MA107/ST107 Quantitative Methods or ST108 Statistical Methods for the Social Sciences or equivalent.

Course content

A second course in statistics with an emphasis on data analysis with applications in the social sciences. Students will gain hands on experience using R-- a programming language and software environment for data analysis and visualisation. The course contains five topics, including (1) principles of statistical analysis, including data preparation, statistical models, regression and classification, inference, prediction, and bias-variance tradeoff, (2) multiple linear regression, including its assumptions, inference, data transformations, diagnostics, model selection, (3) regression tree method, (4) logistic regression, including odds ratios, likelihood, classification, and ROC curve, and (5) Bayes rule for classification and linear discriminant analysis.

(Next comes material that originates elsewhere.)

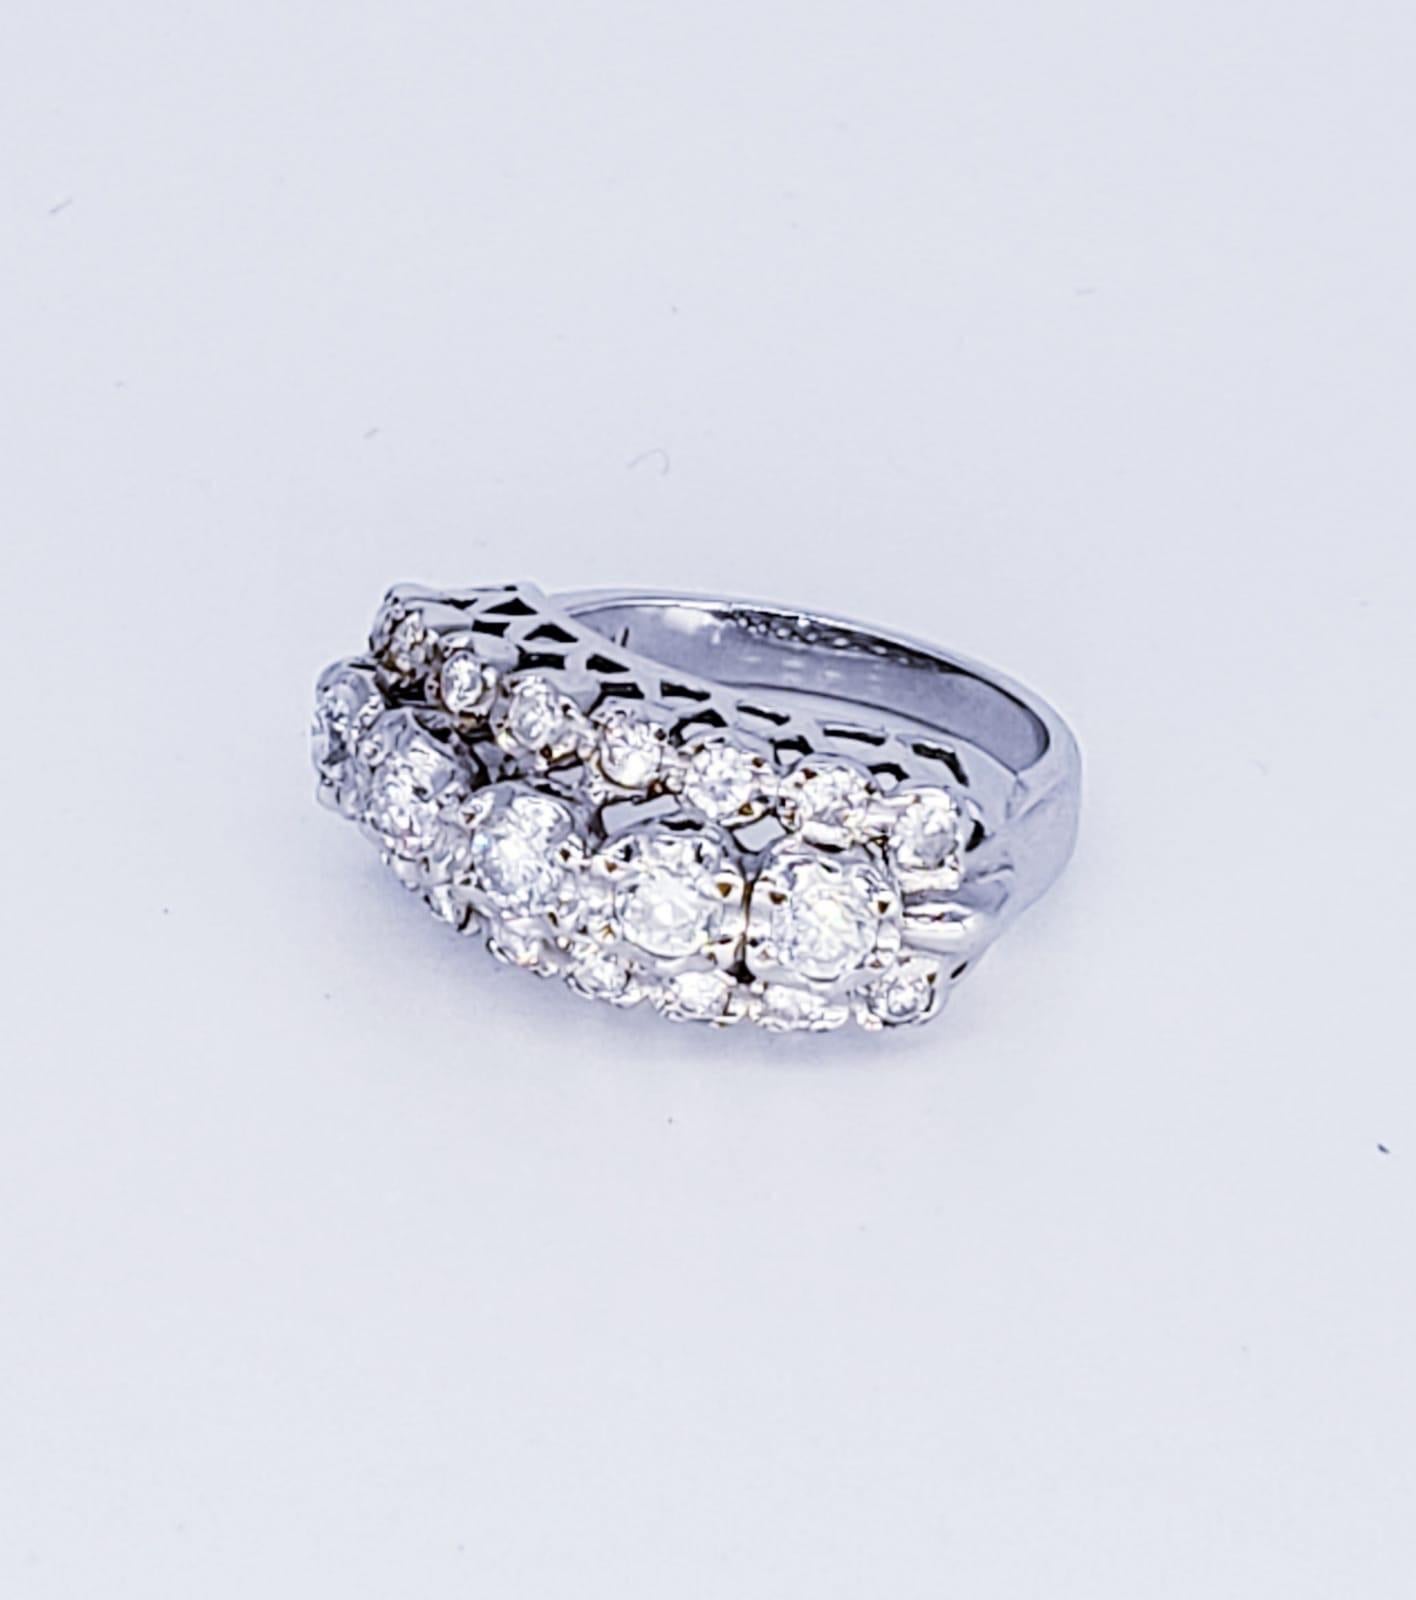 Vintage 2,21 Karat Diamant Braut 18k Weißgold Ring. Der Ring verfügt über Zentrum Diamanten ca. Gewicht von 1,25 Karat (5x0,25ct) & 0,96 Seite Diamanten ca. (0,06x16). Der Ring ist ein schönes Standout modischen Diamantring mit hellen Diamanten

This course will be delivered through a combination of classes, lectures and Q&A sessions, totalling a minimum of 36 hours across Lent Term and 4 hours of lectures in the Summer Term. This year, some of this teaching may be delivered through a combination of classes and flipped-lectures delivered as short online videos. This course includes a reading week in Week 6 of Lent Term. Students will be given their assessed project to start on in week 6 which is due in at the end of LT.

Formative coursework

Moodle quizzes and a quantitative research project.

Indicative reading

James, G., Witten, D., Hastie, T., & Tibshirani, R. (2013). An introduction to statistical learning. New York, NY: Springer. 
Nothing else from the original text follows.